He's bringing it all on himself.
Learn the situation before you stick your nose into something.
This is more than him posting at the wrong time now.


----------



## Neya (Jul 25, 2010)

i know and i have read all the stuff, but the reason i am saying this is because i have been the opposite, a lesbian man hater.
 but really let him learn from his mistakes instead of just aggravating them, if he was depressed and suicidal before, it will 20 fold now... i really dont think you guys are thinking about the repercussions of your actions


----------



## ShadowEon (Jul 25, 2010)

I'll just leave this little doodle here...

http://www.furaffinity.net/view/4215082/

<3



Neya said:


> hey, can you guys just quit already???
> he posted something at the wrong time...can y'all just give it a rest, you talk about him being an immature 15 yr. old gay and well, i don't really know about everybody and the gay thing, but i do know that y'all are being less mature than a 14 yr. old who has just seen his first set of tits...



How about no? <3 I am not bothering him because he posted the stuff he did, I am bothering him because he is flat out sexist!

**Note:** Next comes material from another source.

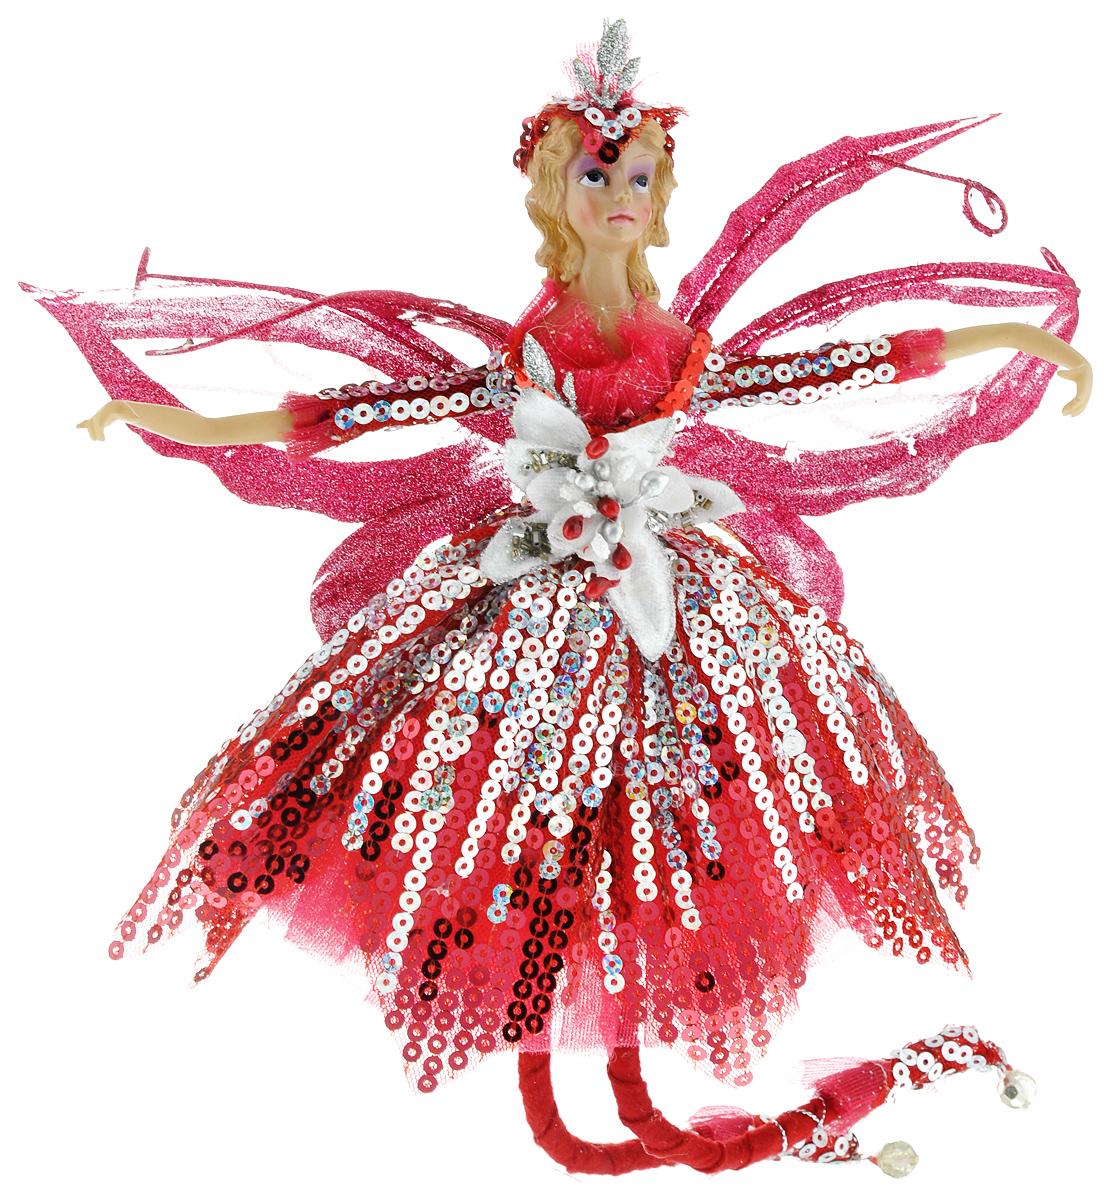 Новогоднее подвесное украшение Sima-land Фея, цвет: бордовый, высота 39 см685908/380-24Новогоднее украшение Sima-land Фея отлично подойдет для декорации вашего дома и новогодней ели. Игрушка выполнена из полистоуна в виде феи, декорированной блестками и пайетками. Украшение оснащено петелькой для подвешивания. Елочная игрушка - символ Нового года. Она несет в себе волшебство и красоту праздника. Создайте в своем доме атмосферу веселья и радости, украшая всей семьей новогоднюю елку нарядными игрушками, которые будут из года в год накапливать теплоту воспоминаний.

It was bad enough with the gay furries journal, now this? Fuck that. Don't defend him because you had thoughts that where similar to him (and still wrong) in the past. =/ Sorry, I am not as nice as some people - I don't feel sorry for assholes.


----------



## Aden (Jul 25, 2010)

Neya said:


> i know and i have read all the stuff, but the reason i am saying this is because i have been the opposite, a lesbian man hater.
> but really let him learn from his mistakes instead of just aggravating them, if he was depressed and suicidal before, it will 20 fold now... i really dont think you guys are thinking about the repercussions of your actions


 
It's the internet. There shouldn't BE any serious repercussions. If there are, something is wrong with the overreactor.


----------



## Neya (Jul 25, 2010)

there are repercussions for every action...


----------



## sorryinSPACE (Jul 25, 2010)

Aden said:


> It's the internet. There shouldn't BE any serious repercussions. If there are, something is wrong with the overreactor.


 
THE INTERNET HATES MEEEEEE.
-kills self-


----------



## Neya (Jul 25, 2010)

gatorguts said:


> THE INTERNET HATES MEEEEEE.
> -kills self-


 NOOO!!! don't kills yourself!!


----------



## sorryinSPACE (Jul 25, 2010)

http://i29.tinypic.com/2ep3ckm.png

Lol, what?


----------



## ShadowEon (Jul 25, 2010)

gatorguts said:


> http://i29.tinypic.com/2ep3ckm.png
> 
> Lol, what?


 
I kno right? And what the hell does "genitals stuff  thinky" mean?o.o


----------



## sorryinSPACE (Jul 25, 2010)

ShadowEon said:


> I kno right? And what the hell does "genitals stuff  thinky" mean?o.o


 
He obviously didn't get a good education in Norway.


----------



## antihuman (Jul 25, 2010)

Is it my imagination or does Wolfmur have an unusually large number of white knights running to his aid?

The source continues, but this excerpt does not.